At baseline, all three exercise groups began with average SF-36 scores comparable to the general US population for the physical component score, mental component score, and individual domain scores (McDowell, 2006). Following the intervention period, both RT (p = 0.03) and AT/RT (p < 0.001) significantly increased their physical component score by 1.7 ± 5.2 and 3.8 ± 5.4 points, respectively (Figure 2, Panel A). After adjusting for baseline values, there were no significant differences among groups for change in physical component scores (F = 2.10, p = 0.127). For change in mental component scores following the intervention, only AT/RT significantly experienced an increased score (3.3 ± 5.9 points; p < 0.001; Figure 2, Panel B). There was an impressionable p-value among groups for change in mental component score (F = 2.51, p = 0.085). Tukey's HSD post-hoc testing revealed only a trending toward significant difference between AT and AT/RT (p = 0.08; Figure 2, Panel B). When evaluating changes in each of the domain scores, AT/RT significantly improved “physical functioning” (p < 0.001), “general health” (p < 0.001), “vitality” (p = 0.001), “role-emotional” (p = 0.012), and “mental health” (p = 0.015) domain scores. RT only experienced a significant improvement in “physical functioning” (p = 0.003). Finally, AT experienced a significant improvement “physical functioning” (p < 0.001) and “vitality” (p = 0.03). Table 4 contains significant differences among groups for each SF-36 domain, after adjusting for baseline values.

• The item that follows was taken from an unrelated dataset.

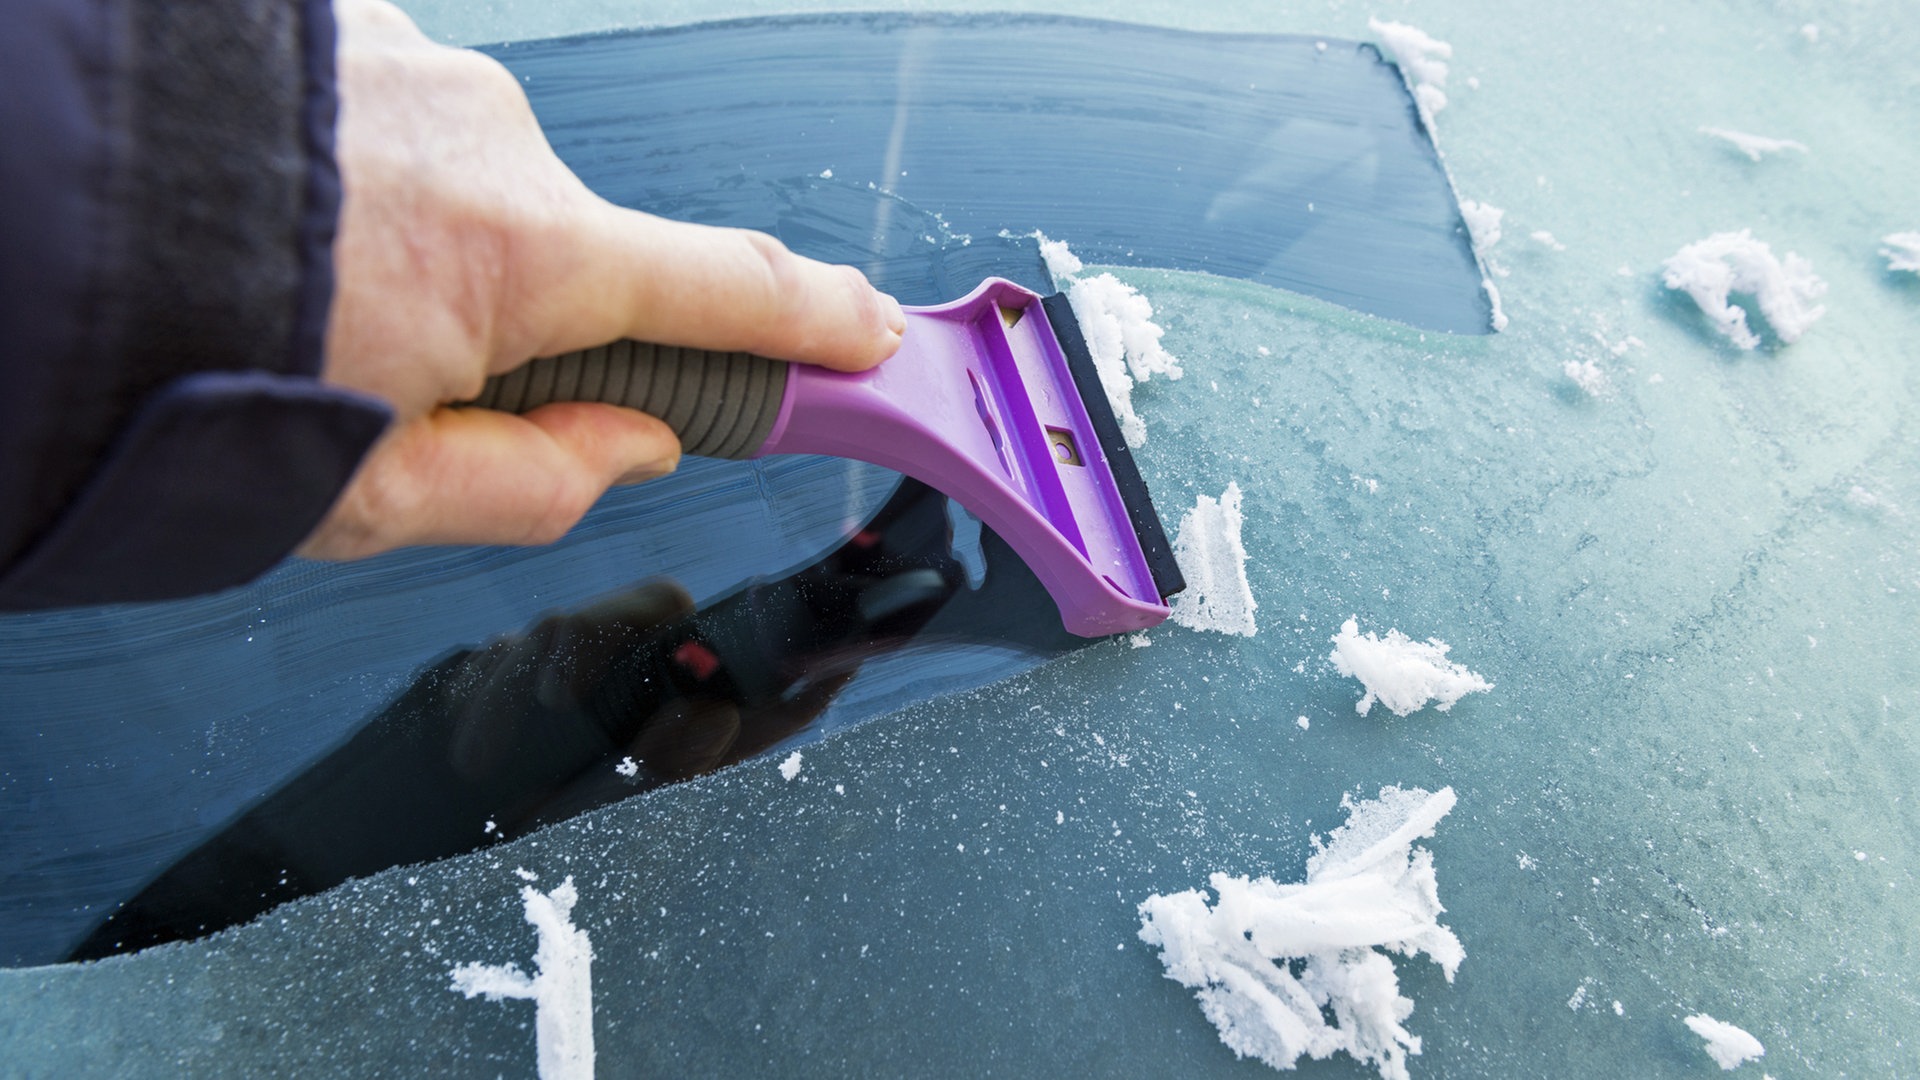 Auto im Winter: Was bei Frost auf keinen Fall drin liegen sollte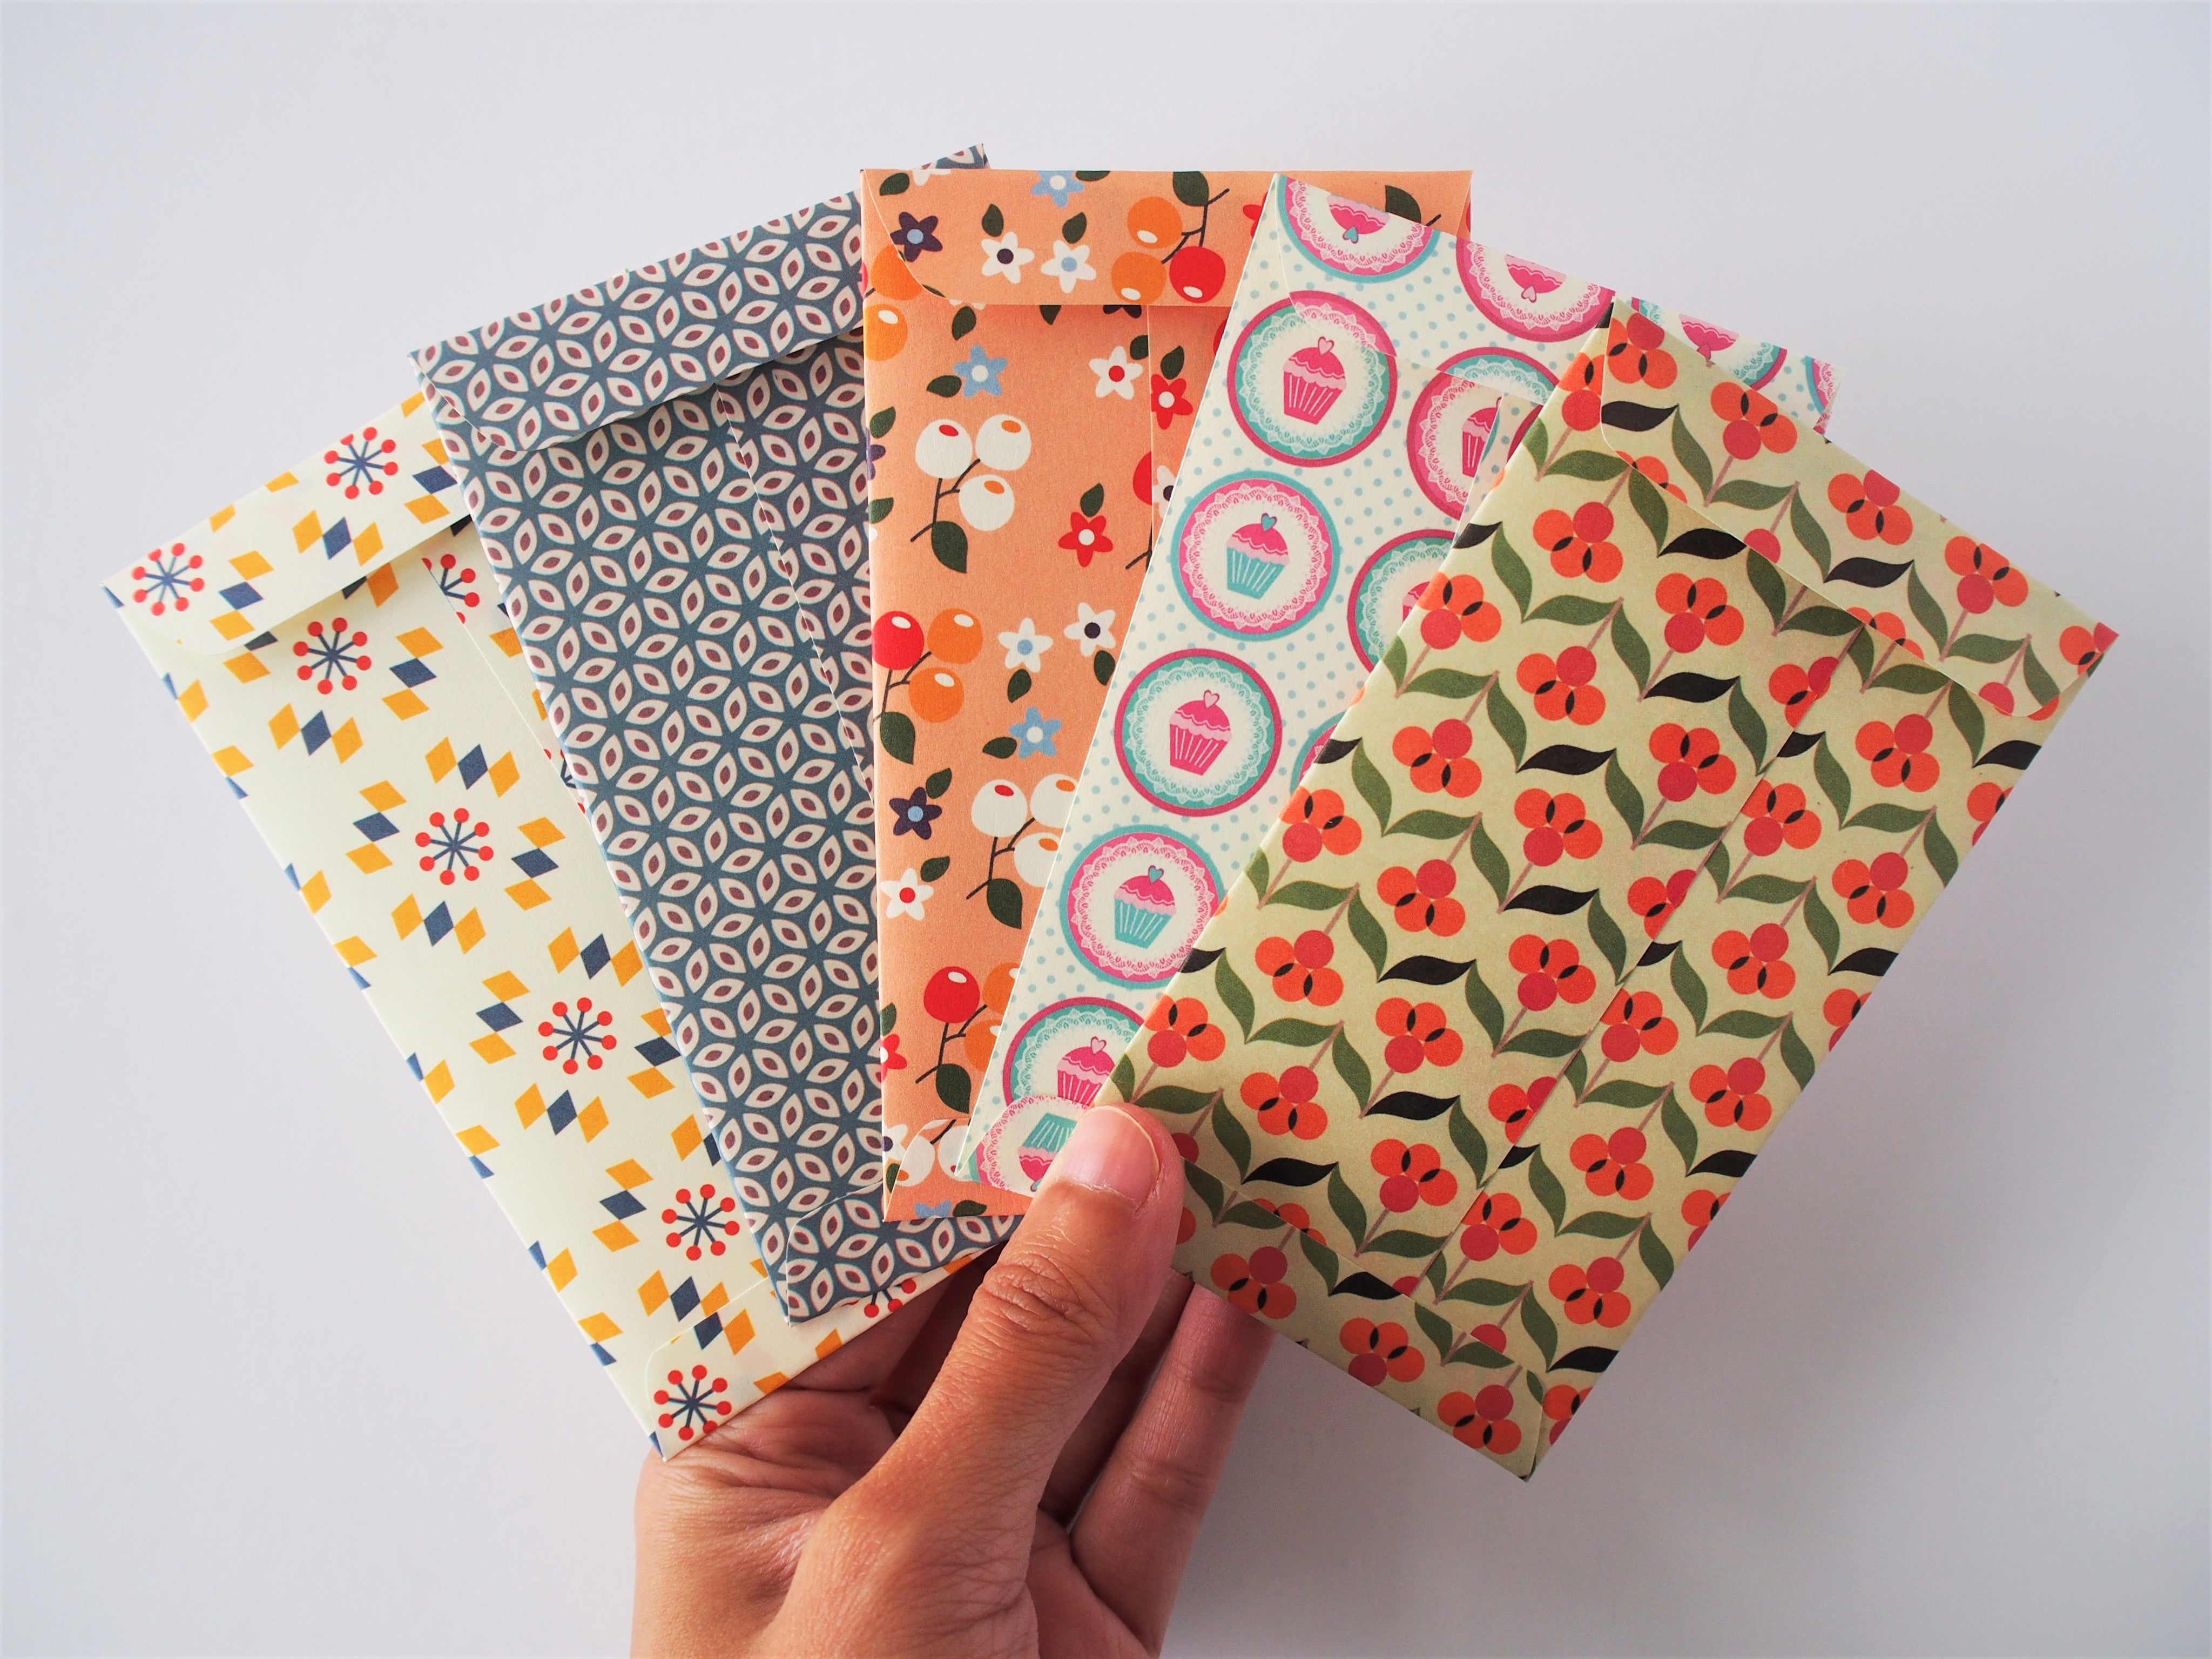 Cash Envelopes – Luxe Designs

Figure 2. Panel A: Change in physical component score by group. Panel B: Change in mental component score by group. Error bars indicate SE. Significant within group change: ~p-value < 0.1; *p-value < 0.05; **p-value < 0.001. δp-value < 0.1 Tukey's Post-Hoc Test compared with aerobic training.
At baseline, all three groups had overall negative average SPF and SPA scores, indicating overall dissatisfaction with both physical function and physical appearance. Figure 3 displays the average pre- and post-intervention scores for SPF and SPA by group. Following the intervention period, all exercise groups significantly increased both SPF (p < 0.001 for all groups; Figure 3, Panel A) and SPA (p < 0.001 for all groups; Figure 3, Panel B) scores. After adjusting for baseline values, there were no significant differences between groups for change in SPF score (F = 1.80; p = 0.169). There was an impressionable p-value among groups for change in SPA score (F = 4.78; p = 0.010). Tukey's HSD post-hoc testing revealed a significant difference between RT and AT/RT (p = 0.018; Figure 3, Panel B), as well as, between AT and AT/RT (p = 0.025; Figure 3, Panel B). The changes in SPF score following the intervention resulted in overall positive ratings for each exercise group (AT = 1.7 ± 1.2; RT = 1.5 ± 1.0; AT/RT = 1.9 ± 1.0). However, changes in SPA score following the intervention resulted in a positive rating only for AT/RT (0.7 ± 1.4). AT and RT maintained an overall negative rating of SPA (AT: −0.3 ± 1.4; RT: −0.2 ± 1.4) even though a statistically significant change was found, indicating overall dissatisfaction with appearance following the exercise intervention.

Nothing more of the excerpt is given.